Heterakis

Scientific classification
- Domain: Eukaryota
- Kingdom: Animalia
- Phylum: Nematoda
- Class: Chromadorea
- Order: Ascaridida
- Family: Heterakidae
- Genus: Heterakis Schrank, 1790
- Diversity: ~10 species

= Heterakis =

Genus of roundworms

Heterakis is a genus of parasitic nematodes. Members of the genus are minute roundworms, hardly 1 cm long, infecting different species of gallinaceous birds, including chickens, turkeys, ducks, geese, grouse, guineafowl, partridges, pheasants, and quail. About 10 species are placed in the genus, but classification is often ambiguous due to their close resemblance, and a number of synonyms have arisen. H. gallinarum Schrank, 1788; H. isolonche von Linstow, 1906; and H. dispar Schrank, 1870 are the best understood species in terms of prevalence, pathogenicity, and biology. They inhabit the lumen of the cecum of the host.

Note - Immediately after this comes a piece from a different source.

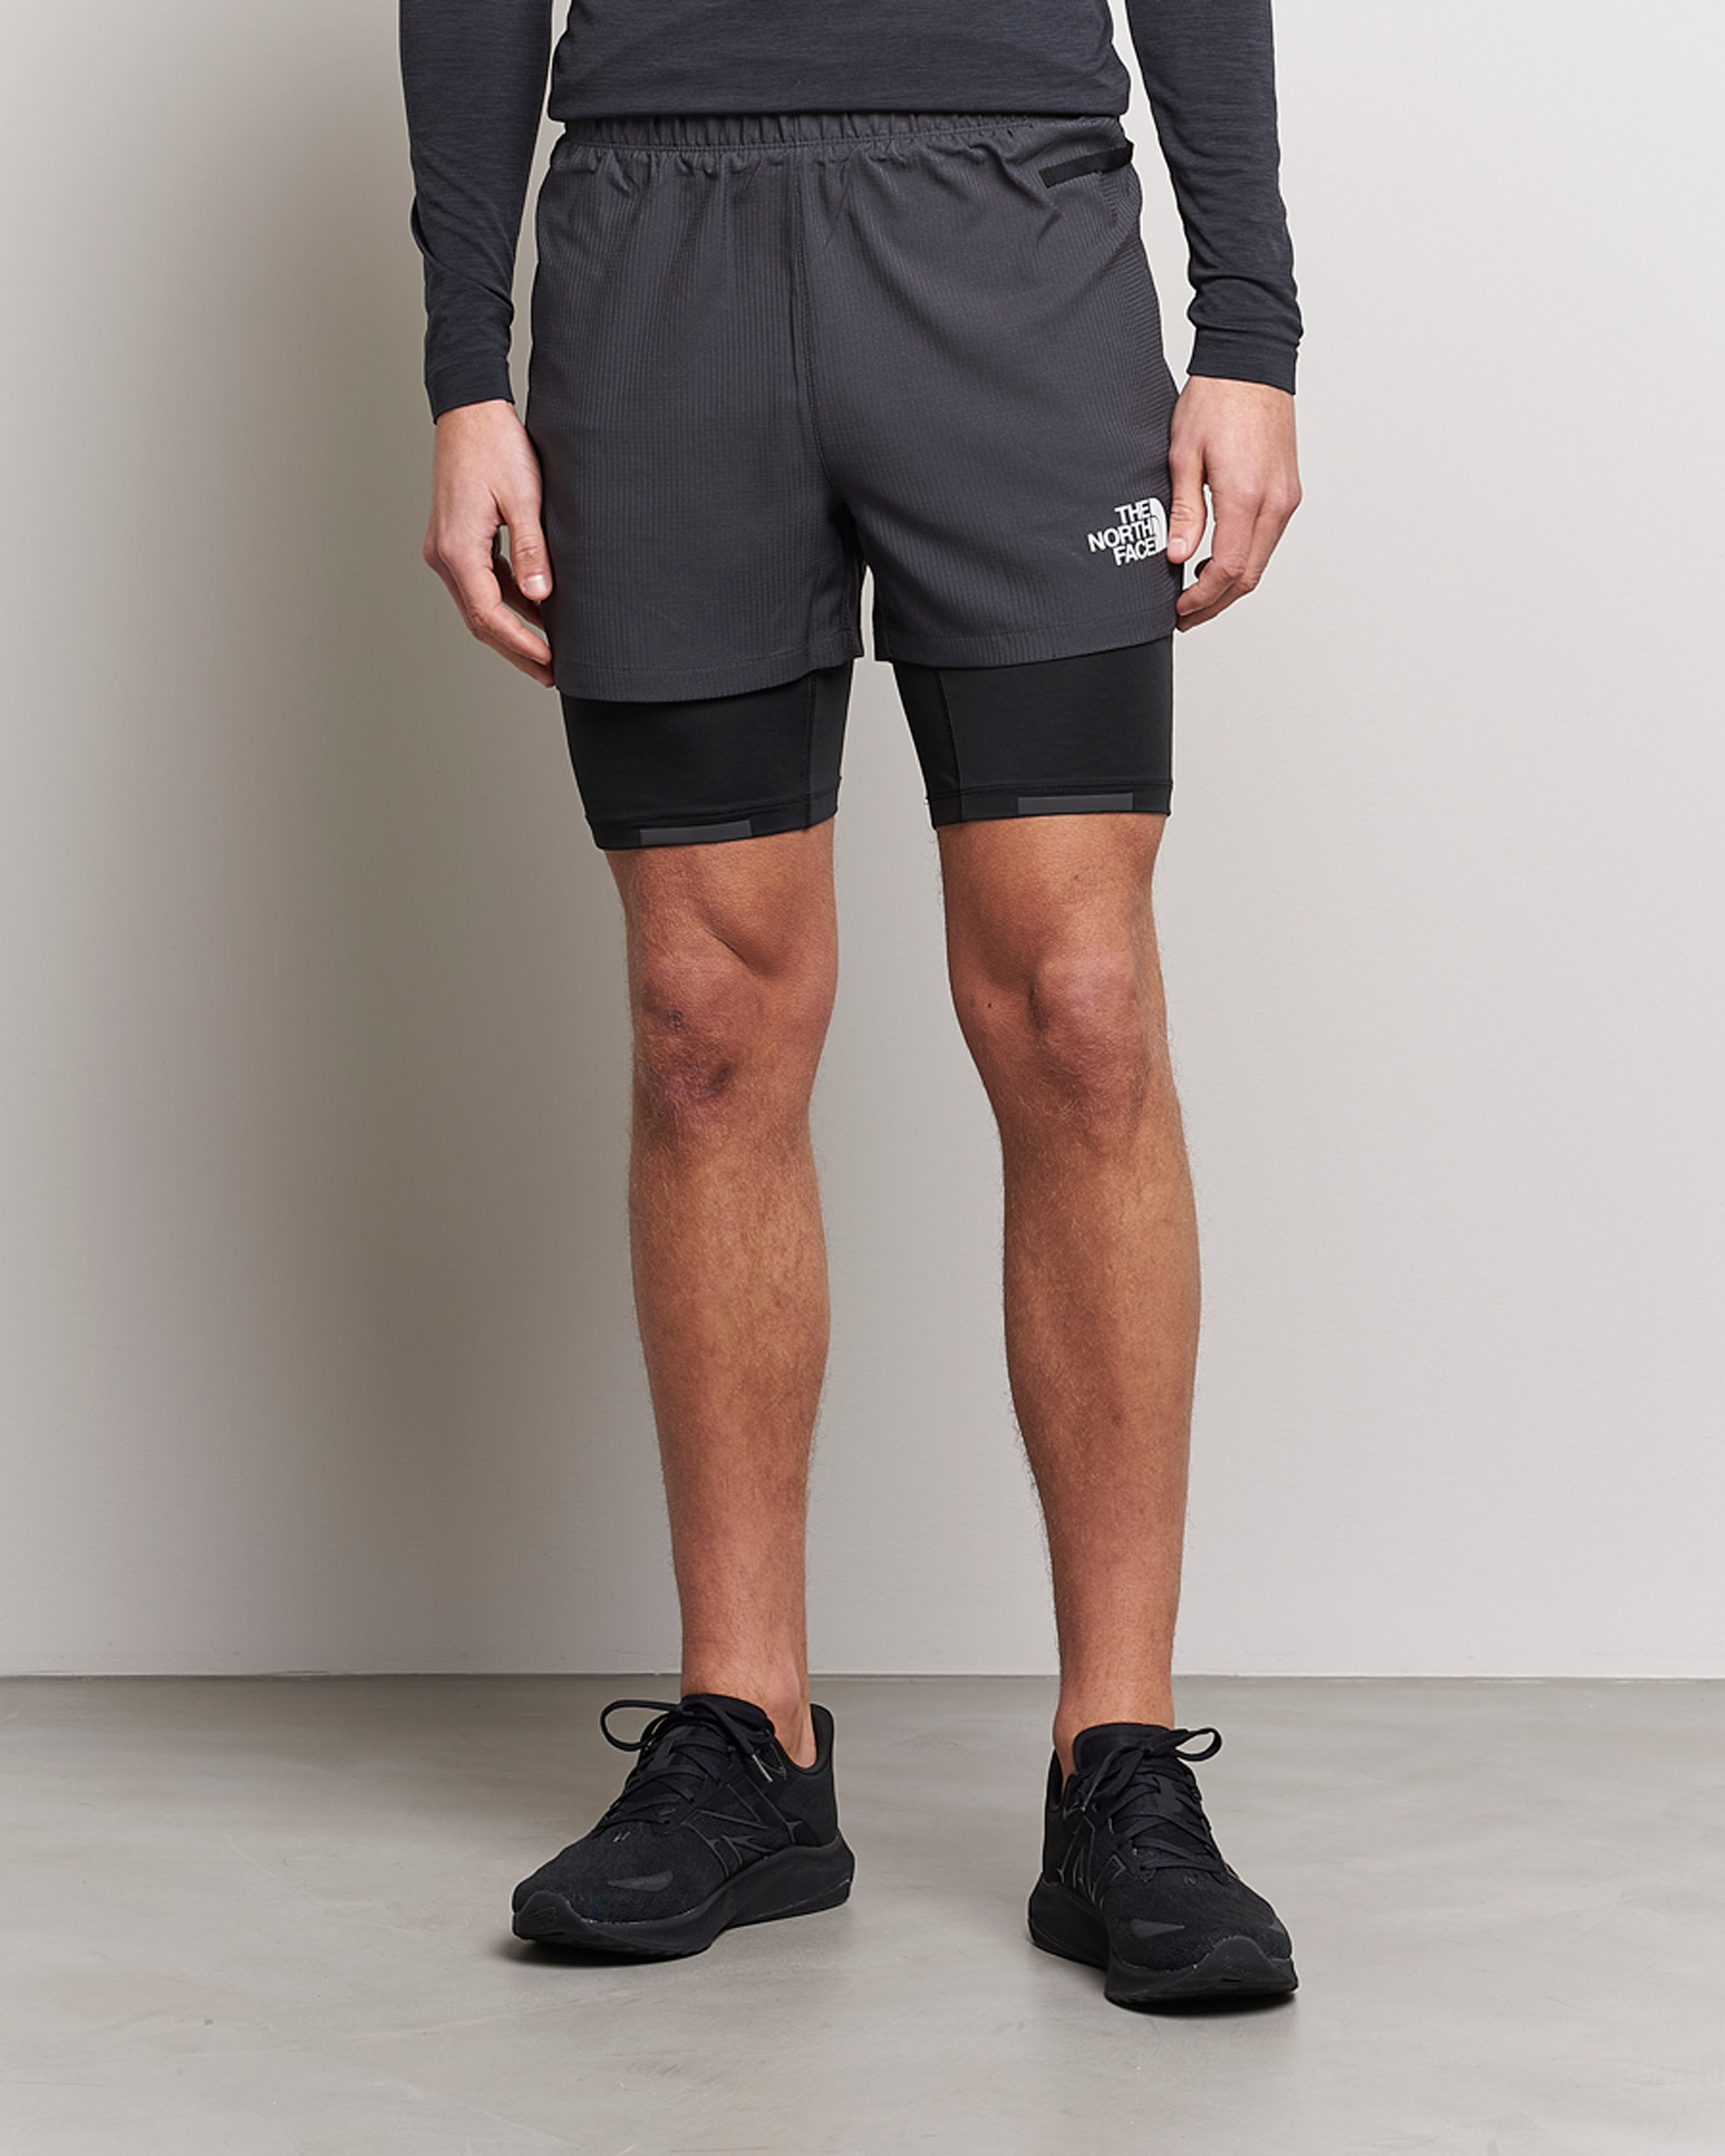 Men |  | The North Face | Mountain Athletics Dual Shorts Black/Asphalt

The nematodes are whitish in colour, cylindrical, and with fine longitudinal striations throughout the body. The body covering is a proteinaceous layer named cuticle. The anterior end is the mouth with distinct lips, and the anus opens towards the posterior. They are diecious with marked sexual dimorphism. Males are shorter and smaller, with straight blunt tails, while females are bigger and longer, with curved tails. They all exhibit direct lifecycles. They cause nodular typhlitis, diarrhoea, emaciation, and death. H. gallinarum is the most well-known species, and is most important as it transmits the protozoan parasite, Histomonas meleagridis in birds.